7

I'm writing a big script, full of update statements that will run daily. Some of this updates will affect rows others won't.

I believe that update statements that won't affect anything is not very good practice, but my question is:

  • How badly can this affect performance?? Is this very different from having select statements and update only when select fetches something?

Thank you, Tiago

marc_s
  • 732,580
  • 175
  • 1,330
  • 1,459
  • 1
    It depends on how complex your `WHERE` clause is. The `UPDATE` statement would have to figure out first what rows to update - or none. This might involve table scans, if you're lacking the proper indices on that table. As always: **test** it and see how bad it is. Of course it would be better to determine just those rows that really need updating - and then updating just those. But how much effort is it to determine those rows? – marc_s May 31 '12 at 09:25
  • Effort would involve messing around with table variables, and not just one or two ... i'm talking about 20 update statements running all together in a script and updating different tables. In terms of development effort would be much more than just develop the update statements. Regarding the where clauses in update, most of them have one or two inner joins at most and simple "is null" or "<> 0" where clauses. – Tiago Ferreira May 31 '12 at 09:53

3 Answers3

8

First and foremost, SELECT followed by UPDATE is almost always incorrect under concurrency. Unless things run under SERIALIZABLE isolation level, there is no guarantee that rows don't change between the SELECT and the UPDATE.

Second, for the cases when there are rows to update, the cost of SELECT + UPDATE is by definition higher than just an UPDATE.

And last, for the case when there aren't rows to update the cost of locating them by UPDATE is often the same as the cost of locating them by SELECT, so you didn't gain anything. I say 'often', not 'always', because the query optimizer may consider different strategies for update vs. select and a scan for update occurs under different locking (concurrency) rules than a scan for read.

What may make sense is to have a very cheap SELECT that can avoid an expensive UPDATE, even if not 100% accurate. The conditions between the SELECT and UPDATE can vary wildly As long as you don't get any false negatives (the SELECT say there shouldn't be be any row but UPDATE would had found row, had it been run) and the number of false positives is low (SELECT says there are rows, but the more precise/expensive UPDATE check doesn't actually find any).

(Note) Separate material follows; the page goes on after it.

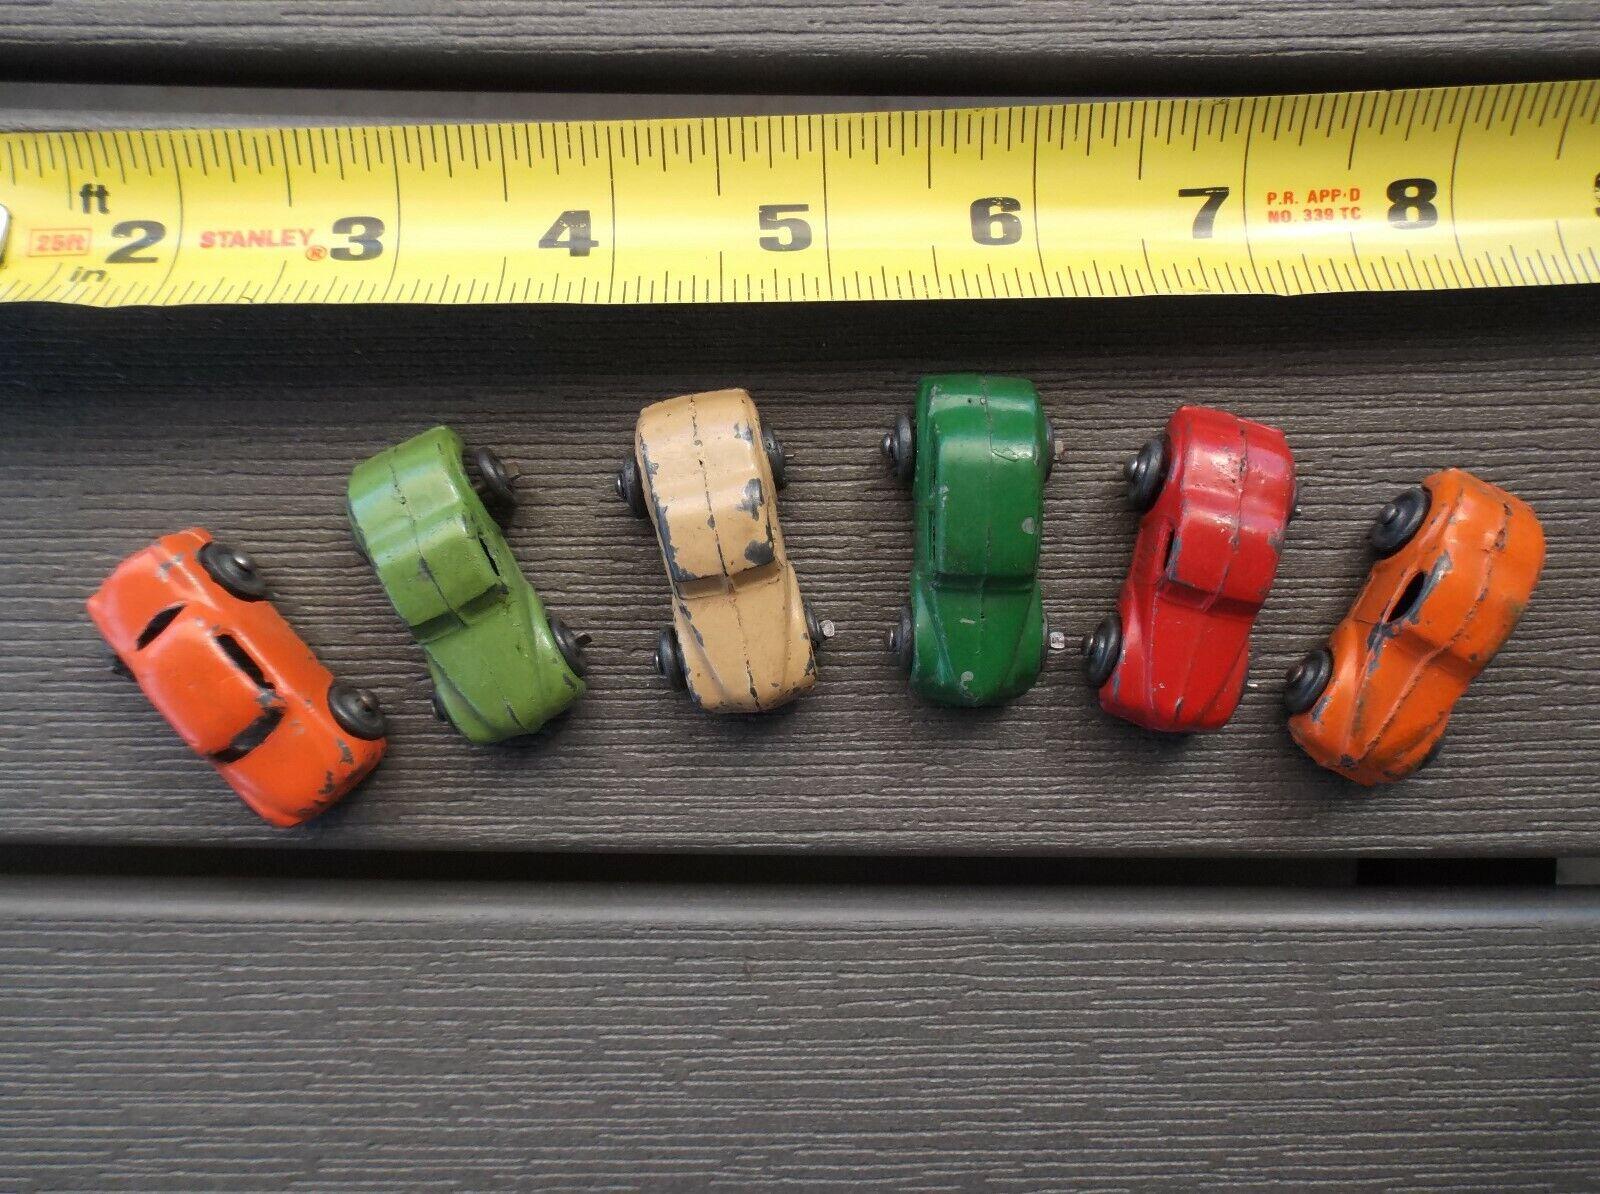 VINTAGE DIE CAST MINIATURE TOY CARS -- RARE!

Ultimately this is a problem of optimization and all optimization questions start by measuring. First locate the expensive UPDATE and then start to modify.

Andriy M
  • 76,112
  • 17
  • 94
  • 154
Remus Rusanu
  • 288,378
  • 40
  • 442
  • 569
2

If you mean to ask whether there's a difference between UPDATE … WHERE condition AND SELECT … WHERE the_same_condition + UPDATE … WHERE the_same_condition in terms of performance, then I would rather expect the latter to be less efficient than the former. Whether it is UPDATE or SELECT, the rows would still have to be figured out, and with the preliminary SELECT … WHERE … they would have to be figured out twice if there was a hit.

But @Matt Whitfield has got a point about triggers. If there's a trigger on update, it would fire regardless of whether any rows were updated. And if there's something the trigger does even if there are no rows updated (and you would like to avoid that), then either rewrite your trigger or, yes, go with the SELECT + UPDATE approach.

Community
  • 1
  • 1
Andriy M
  • 76,112
  • 17
  • 94
  • 154
  • Yes that was my question, and from the comments i got here I'm very into keeping the Update only approach. Just checking which tables have triggers on update and see the behaviour on those. Thanks! – Tiago Ferreira Jun 01 '12 at 14:25
1

It depends how you're doing the update. If you're updating using the joined syntax (i.e.)

UPDATE targetTable
FROM targetTable INNER JOIN sourceTable

Then you can pretty simply add WHERE clauses to only update the row if the values you want to set are actually different.

And yes, it can affect performance, particularly if you consider that something like this...

UPDATE targetTable SET column = column

...would fire a trigger that was defined on UPDATE. I'm not 100% on this, but I believe this also does then make it into the transaction log because it needs to be maintained in order for log tail backups and mirroring targets to be able to fully piece together the sequence of events.

Matt Whitfield
  • 6,436
  • 3
  • 29
  • 44